ELIZABETH, Ind. (WDRB) – More than a week after five high school students in the South Harrison Community School Corp. were arrested after allegedly threatening a shooting at Corydon Central High School, district and community officials urged students Friday to share any information that could stop attacks before they happen.

It was part of a wide-ranging forum on school safety at South Central Junior- Senior High School, and Harrison County Sheriff Rod Seeyle told students that they are “the most valuable resource” in preventing others from carrying out threats.

Seeyle said his office plans to open a tip line through money seized from drug traffickers and hire more school resource officers in the district.

“The most important thing that we want to tell you all is if you know something, say something,” he said. “We will follow up with it.”

That’s what happened at Corydon Central after students who saw an ominous threat on Snapchat reported it to the school’s resource officer.

Corydon Central junior Brady Kuchenbrod said passing along potentially lifesaving information has always been important, but recent shootings at Marshall County High School in Benton, Ky., and Marjory Stoneman Douglas High School in Parkland, Fla., that killed 19 students in all have made it even more critical.

What might have been brushed off as a joke in the past isn’t a laughing matter anymore, he said.

“It was a looser thing, and then now that it’s been happening more, people are seeing how serious it is and how you shouldn’t joke about it,” Kuchenbrod told WDRB News.

Panelists also offered their thoughts on arming school personnel in response to the recent shootings, something that’s been discussed nationally as a possible way to stop shooters before police can respond.

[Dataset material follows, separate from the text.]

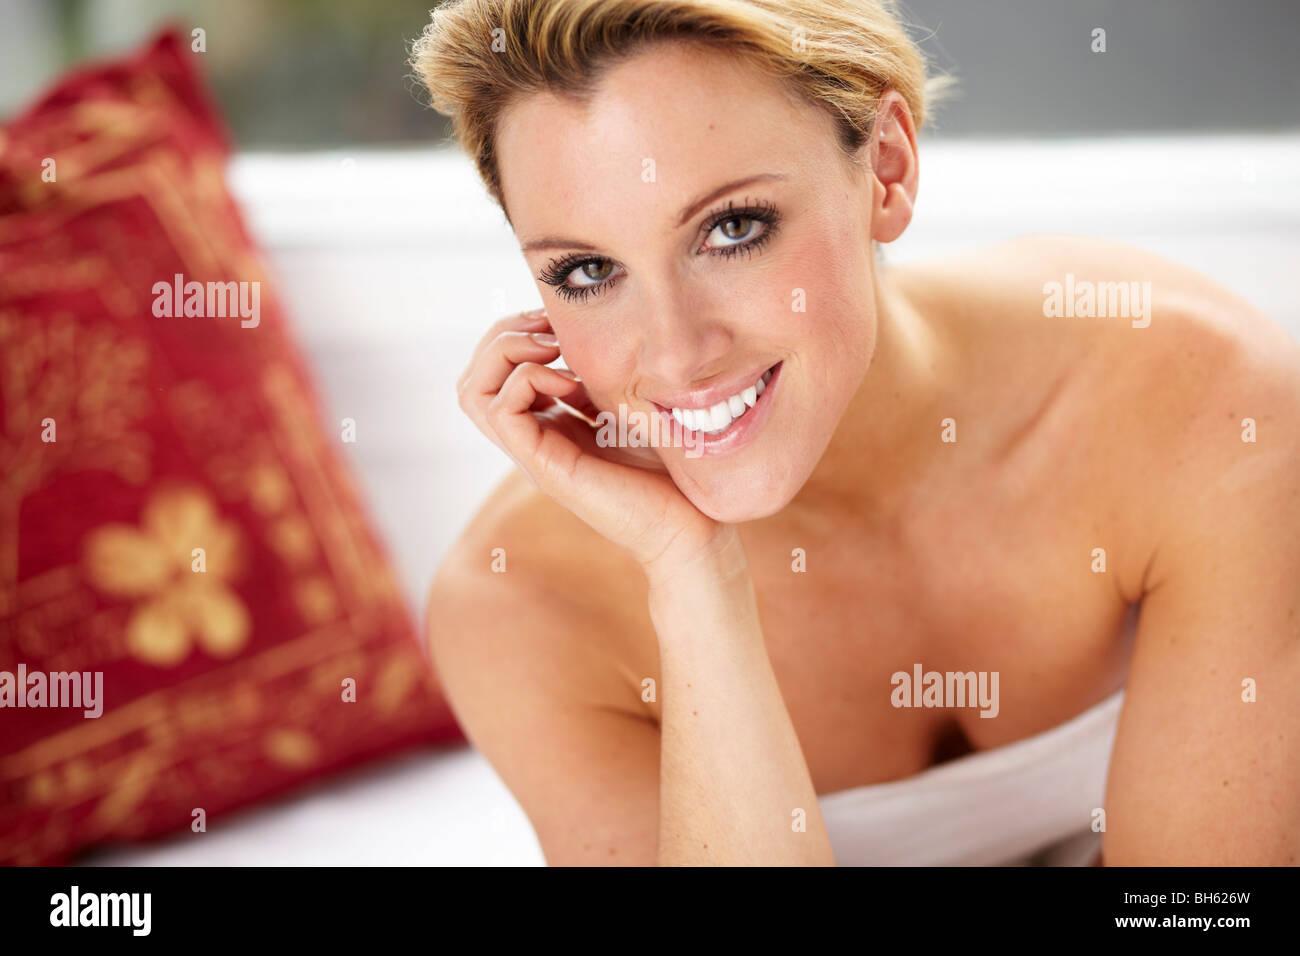 Portrait of attractive blonde woman Photo Stock

 Seeyle and Indiana state Rep. Karen Engleman, R-Georgetown, said that should be up to school districts to decide.

School districts that choose to put weapons in teachers’ hands must be careful to pick the right people and give them rigorous training, Seeyle said.

“Quite frankly, there are a lot of teachers that probably wouldn’t make very good police officers, and I can tell you that there are a lot of police officers that wouldn’t make good teachers,” he said. “So you have to identify people that have the background and the mindset to be able to participate in that, and then you also have to train them.”

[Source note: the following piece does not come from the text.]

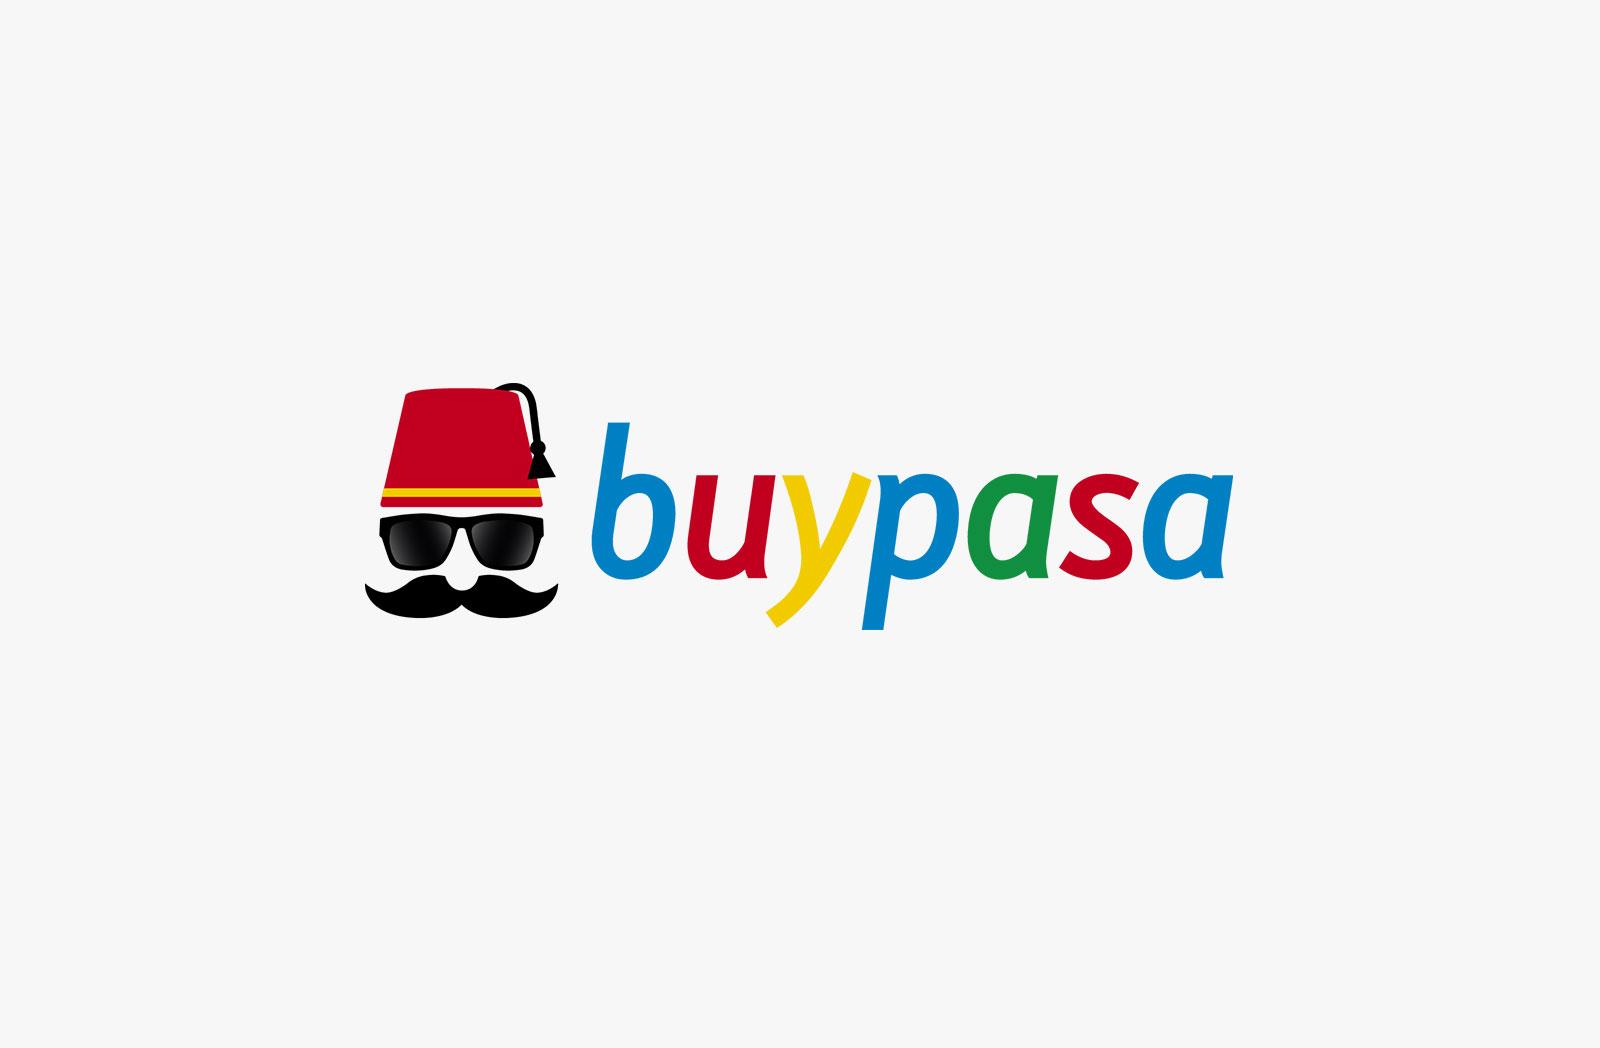 buypasa-indirim

But South Central Junior- Senior High School Principal Mark Black, who served in the military, said while he would be comfortable handling a firearm in emergency situations if tasked with that duty, others who work in the school might not.

The prospect of weapons in his school would also be a concern, he said.

“I would worry about whether or not they’re going to make those same decisions, so I’m not necessarily 100 percent comfortable with that concept yet,” Black said.

Junior student Madeline Riley shared those misgivings, although she said she would feel safe with armed personnel with a military background like Black carrying a firearm in school.

“Some of the people that have never really had any guns or used any training with guns in their life, that would make me nervous,” she said, noting that a teacher with a firearm might be overtaken by a student in an emergency.